I was an adolescent when I first heard the opening lines of “Gate of the Year”, by Minnie Louise Haskins. It was read to me by my dad, with whom I shared a fledgling love of poetry.
Apparently, “Gate of the Year” became well known when it was quoted by King George VI in his 1939 wartime Christmas broadcast to the British Empire. Many years later, when my father shared it with me, Haskins’ words in Dad’s mouth conveyed a keen sense of need, of trust and courage:
… I said to the man who stood at the gate of the year,
“Give me a light that I may tread safely into the unknown.”
And he replied:
“Go out into the darkness and put your hand into the hand of God. That shall be to you better than light and safer than a known way.”
So I went forth, and finding the hand of God, trod gladly into the night. And (God) led me towards the hills and the breaking of day in the lone East.1
Fast forward to these first days of 2025, and my recent conversation with the man! There is so much at the gate of this year, that seems dark and uncertain. Wars and rumors of wars disclose how brutal, mean and mercenary we humans can be. Many of us have jettisoned the need to tell the truth to one another, to respect one another, to prioritize the common good, or to adhere to any kind of shared values or “moral compass”. Or “moral thermostat”. We keep ignoring climate change while our actions destroy our planet-home.

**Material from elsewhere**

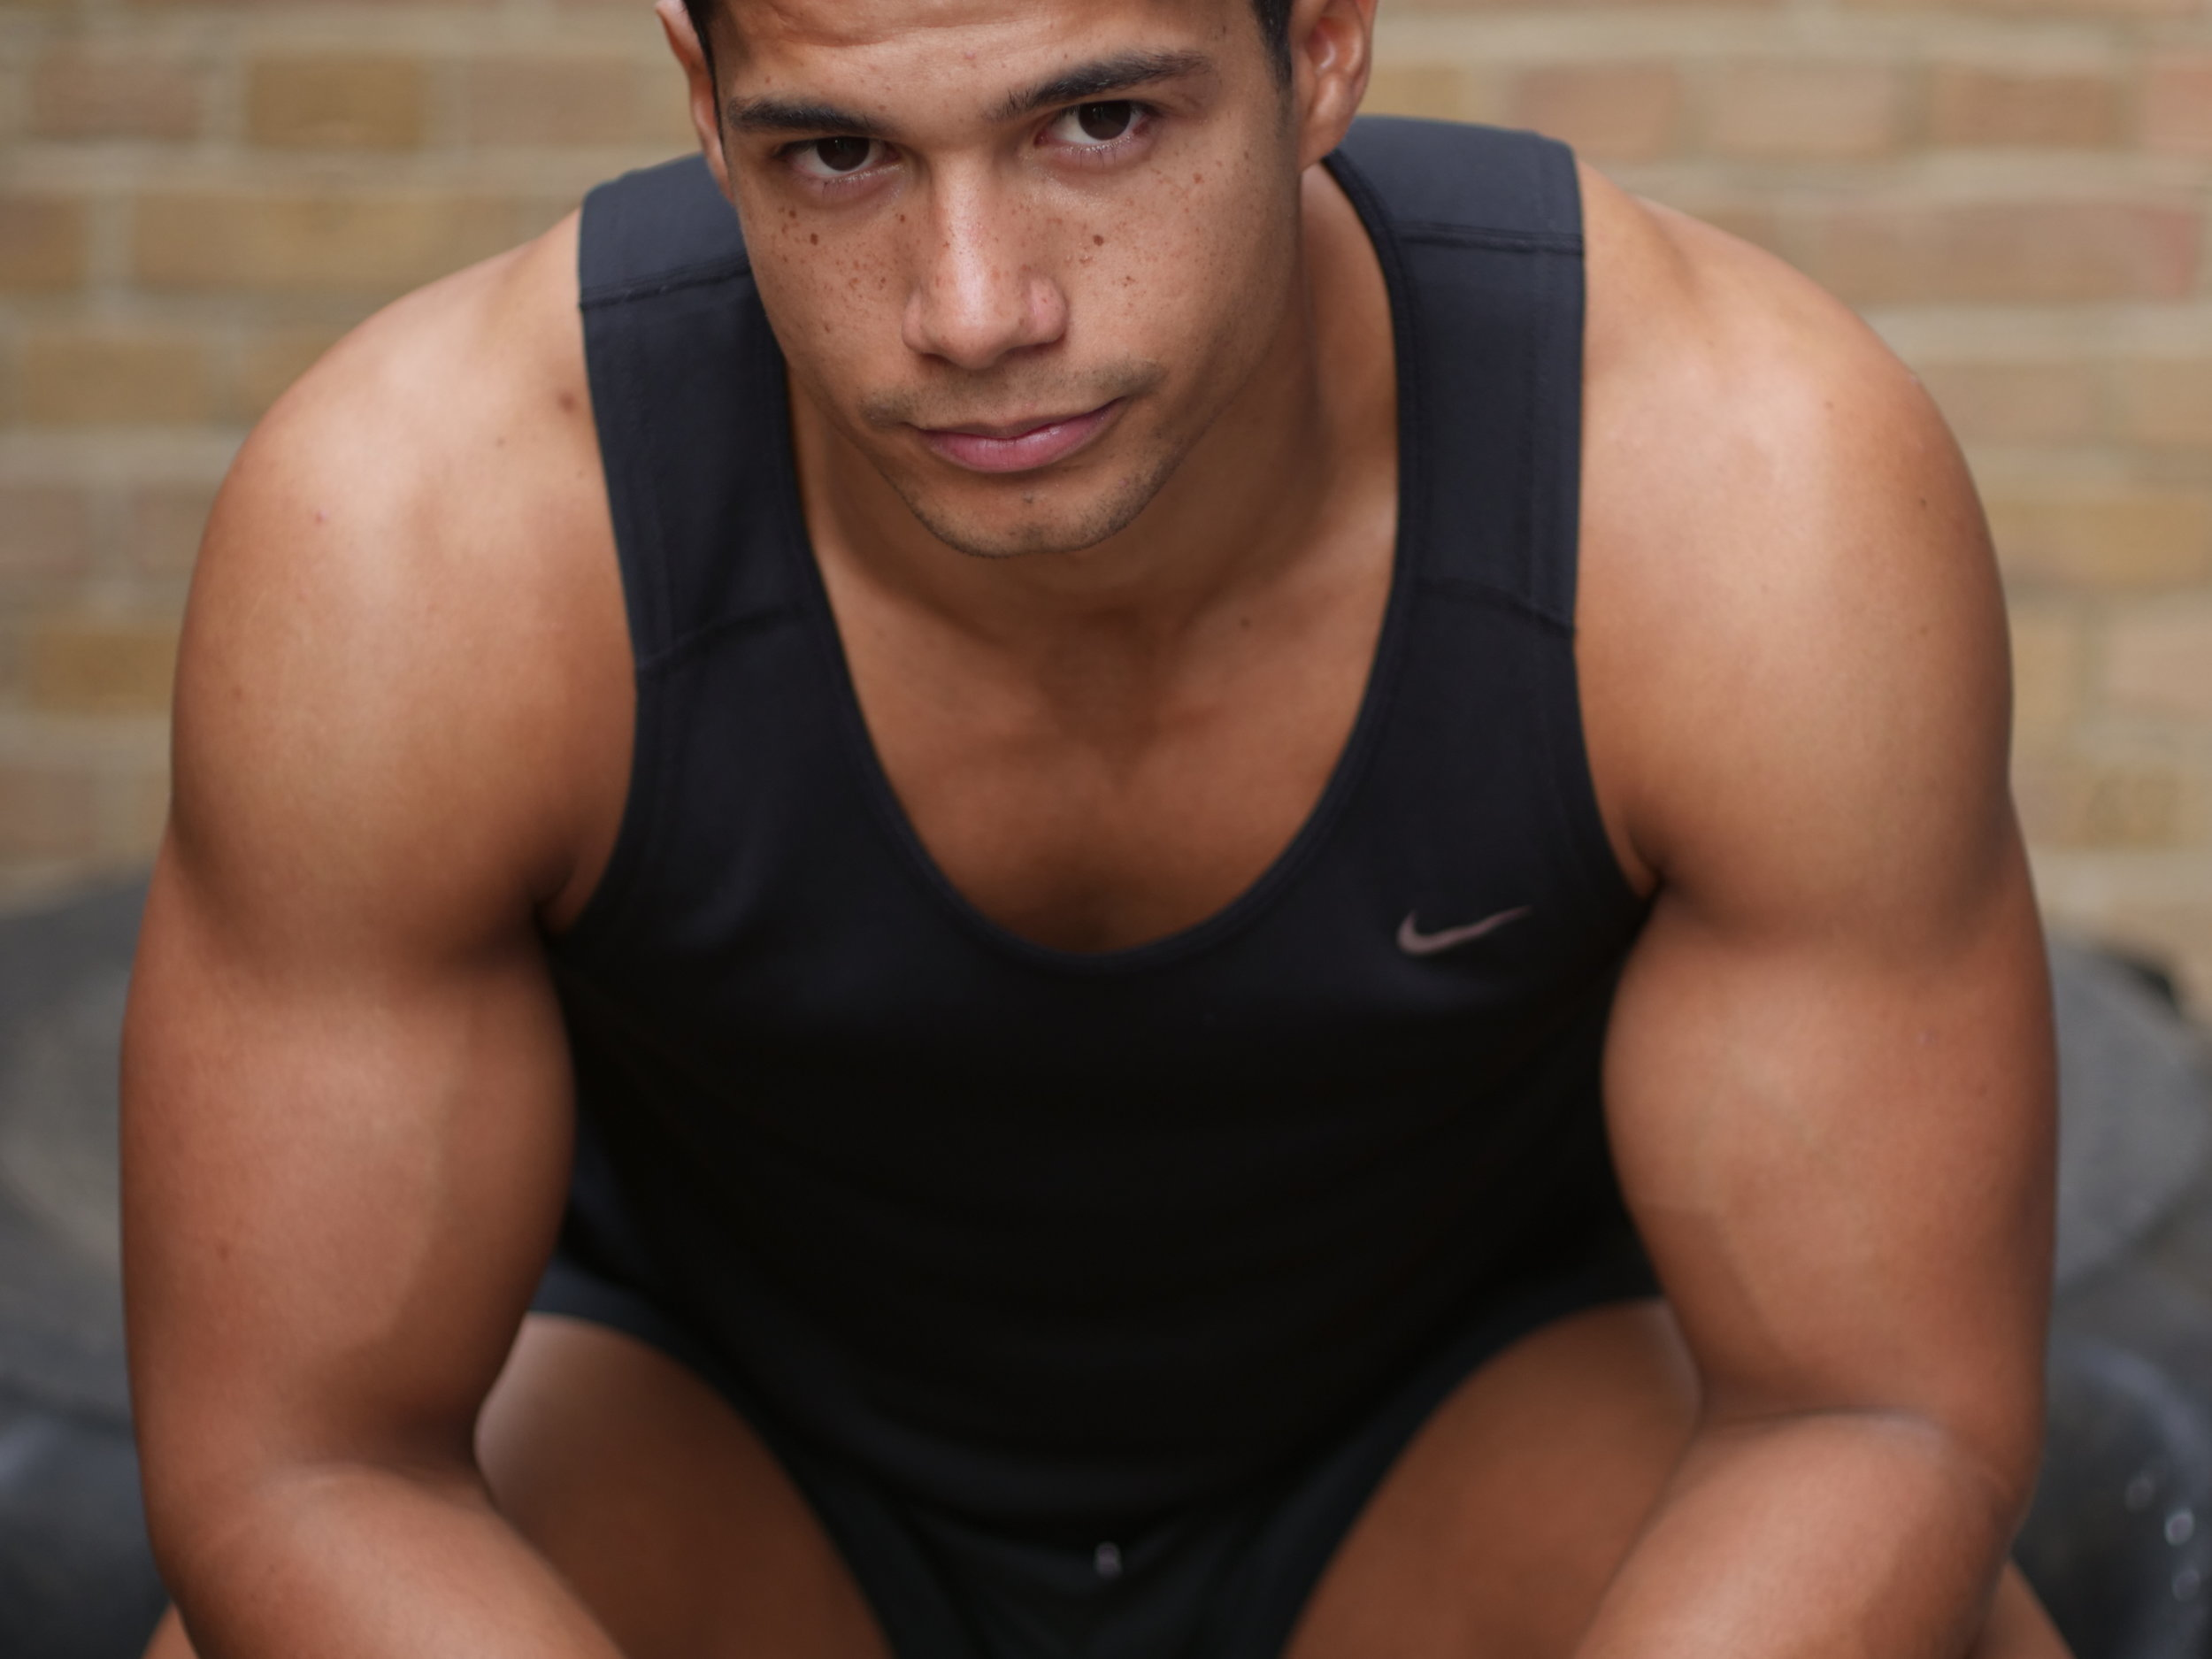 London Bridge Personal trainer Samuel Figueroa

At the same time, there are also many among us who do tell the truth, despite what it costs. There are many humans who are loving and brave when it would be simpler to simply look away. How can we humans live such contradictions – within ourselves and among ourselves? How can I/we live with integrity in such a morass?
Into this present mélange of light and dark, generosity and meanness, down the long corridors of memory my father’s words come back to me, morphing into the words of Pierre Teilhard de Chardin:
Above all, trust in the slow work of God.

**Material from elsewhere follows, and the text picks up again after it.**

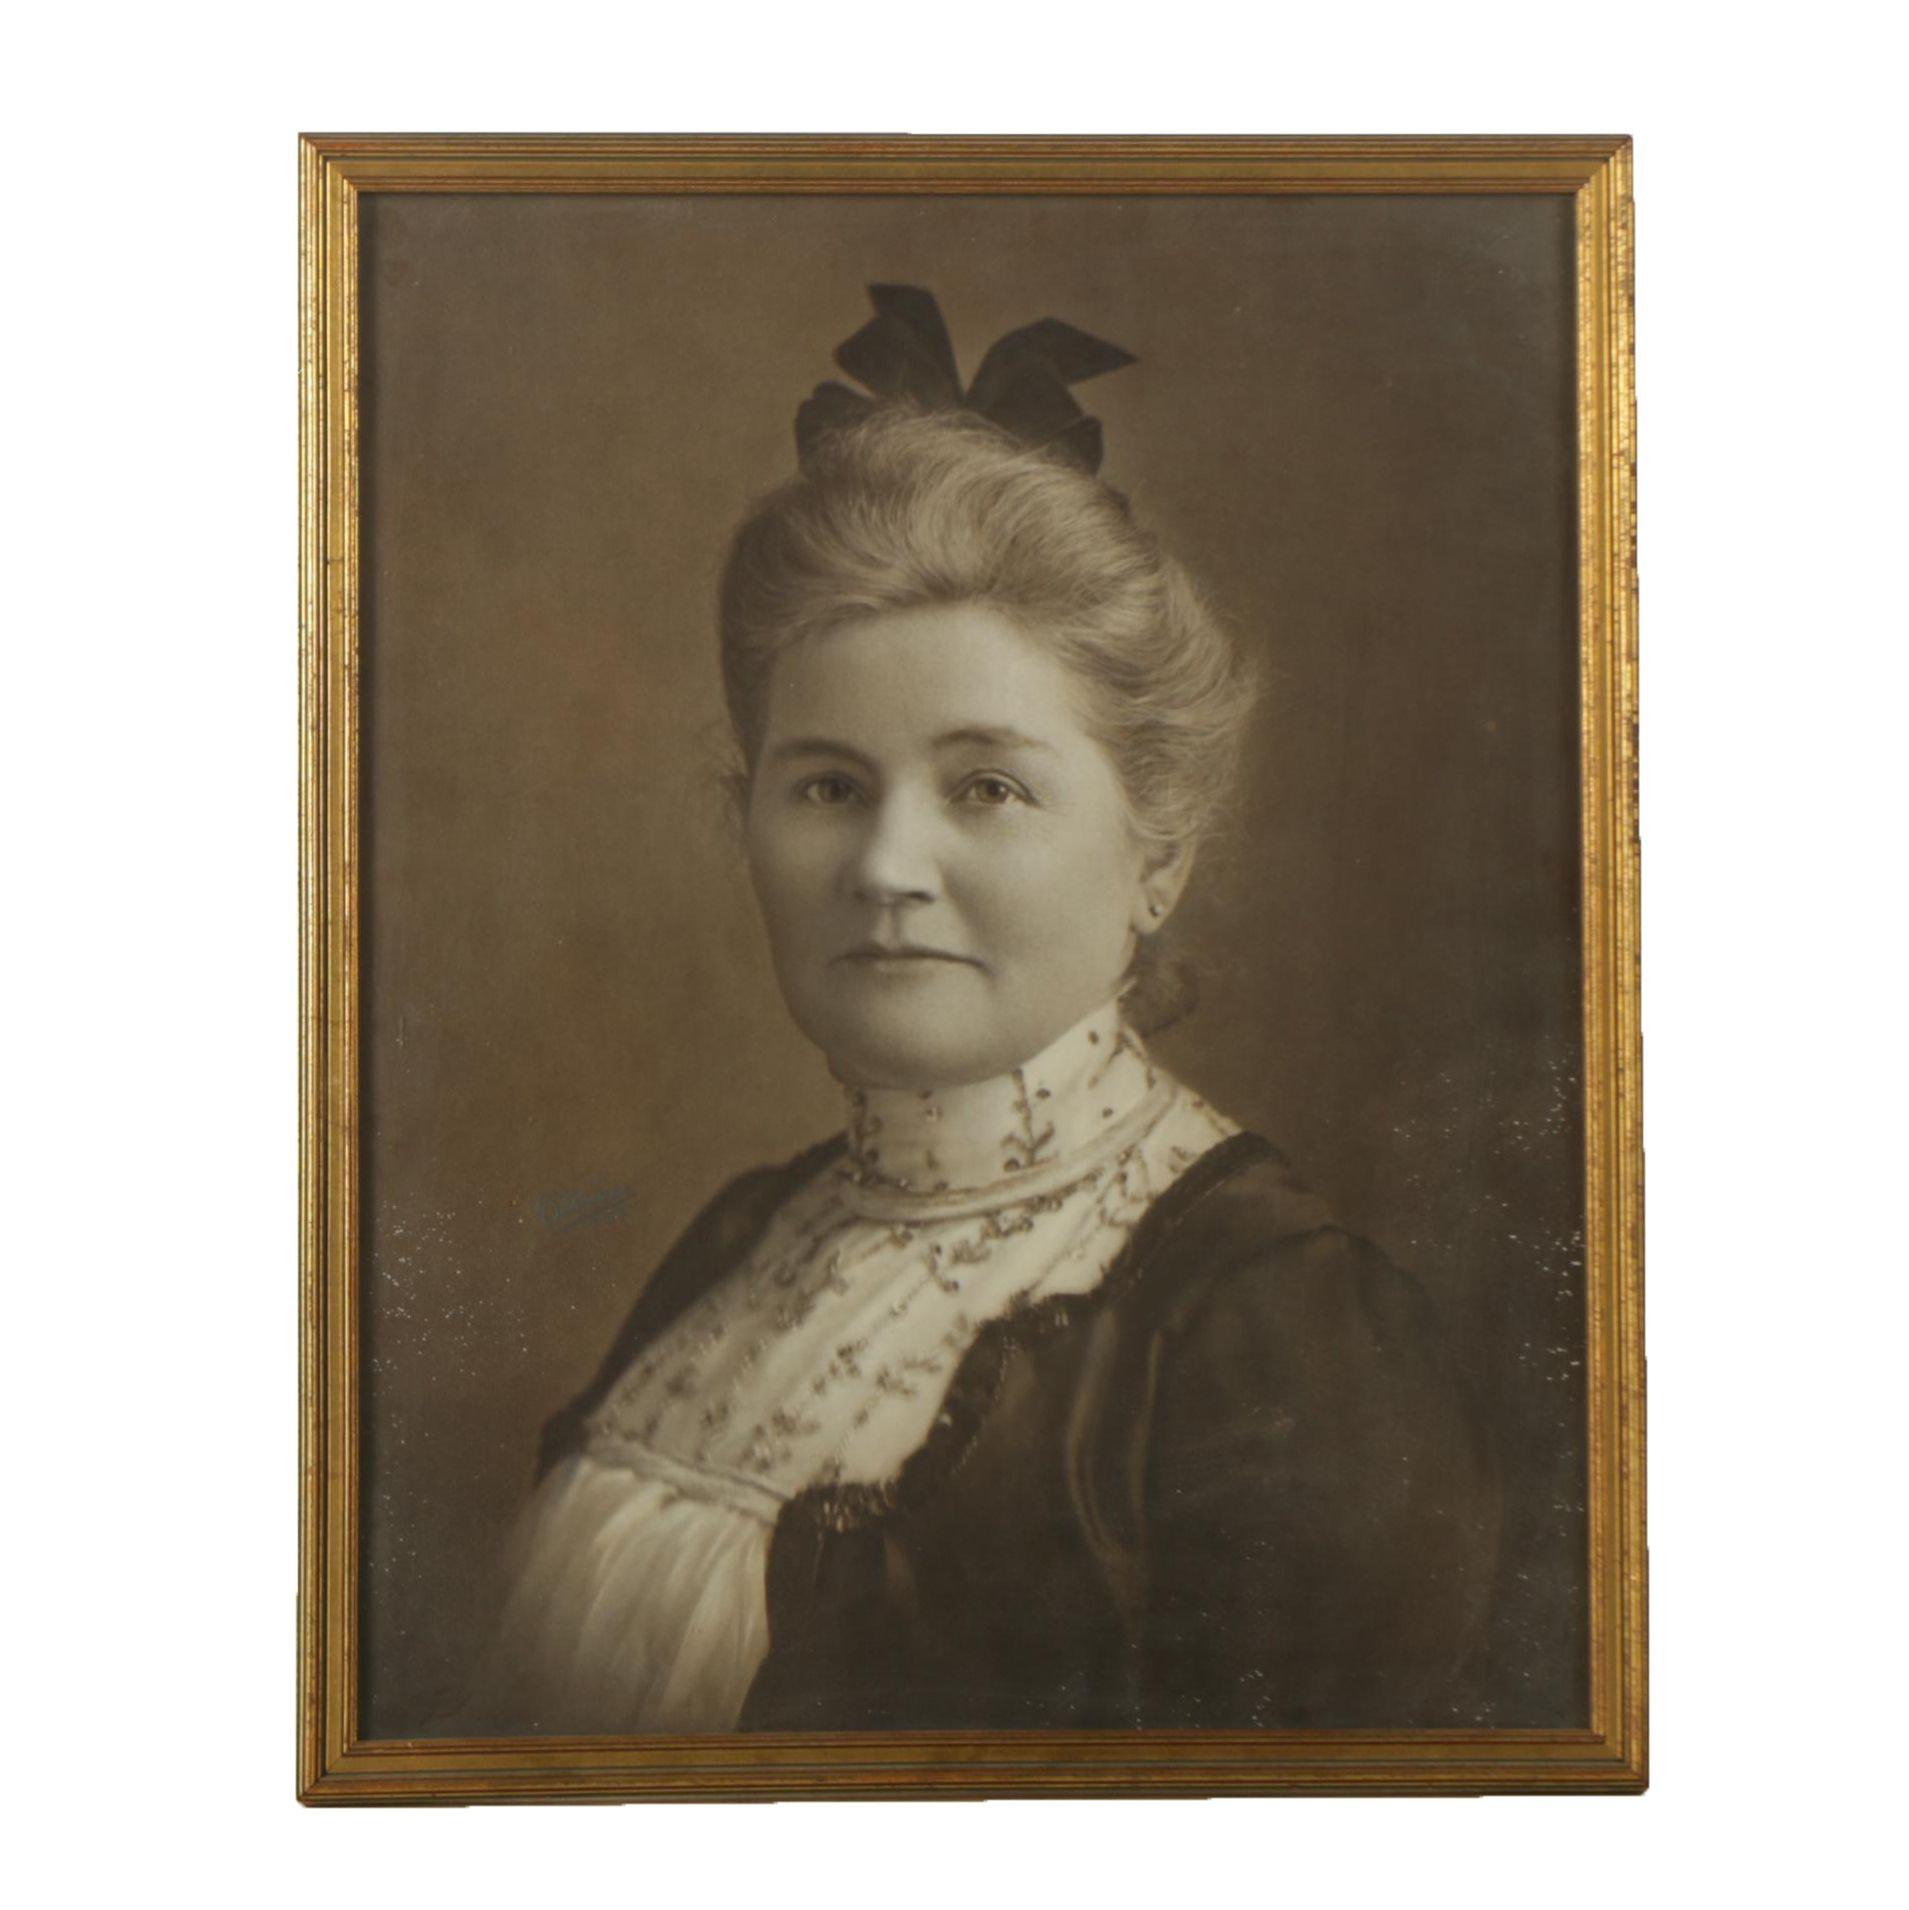 Circa Early 20th Century Gelatin Silver Photograph of Woman

We are quite naturally impatient in everything to reach the end without delay.
We should like to skip the intermediate stages.
We are impatient of being on the way to something unknown, something new.And yet it is the law of all progress
that it is made by passing through some stages of instability—
and that it may take a very long time.2
I feel the instability. The memory of my father’s and de Chardin’s words, balances me. I put my hand once again into the hand of God, and head out into the darkness, trusting in the slow work of God.
1 Minnie Louise Haskins. Gate of the Year. For more, see: https://en.wikipedia.org/wiki/The_Gate_of_the_Year
2 Pierre Teilhard de Chardin SJ. From Ignatian Spirituality. Available at: https://www.ignatianspirituality.com/prayer-of-theilhard-de-chardin/
Veronica Dunne is a Sister of our Lady of the Missions (RNDM), who has primarily worked as an educator and counsellor in institutional and community based settings in Canada. She has also served with the RNDMs outside of Canada in Senegal, Peru, and Aotearoa New Zealand.
A 2002 Doctor of Ministry graduate from the University of St. Michael’s College, Toronto School of Theology at the University of Toronto, she subsequently served as director of the Doctor of Ministry program at St. Stephen’s College at the University of Alberta in Edmonton. Her current research interests are in eco-theology and cosmology, and their intersections with indigenous cosmologies and spiritualties.
She presently serves on the RNDM leadership team in Canada.
You nailed it, Veronica! Thank you for describing our entrance into a new year and the patience we need to exercise when we recognize and accept that a Power Far Greater than us is in control and given time will come through with a solution to our situation. All we need to do is trust and have courage.
For some reason, perhaps its my age, I find great consolation in Chardin’s words: the slow work of God, and his encouragement to “trust” it! Thanks Veronica.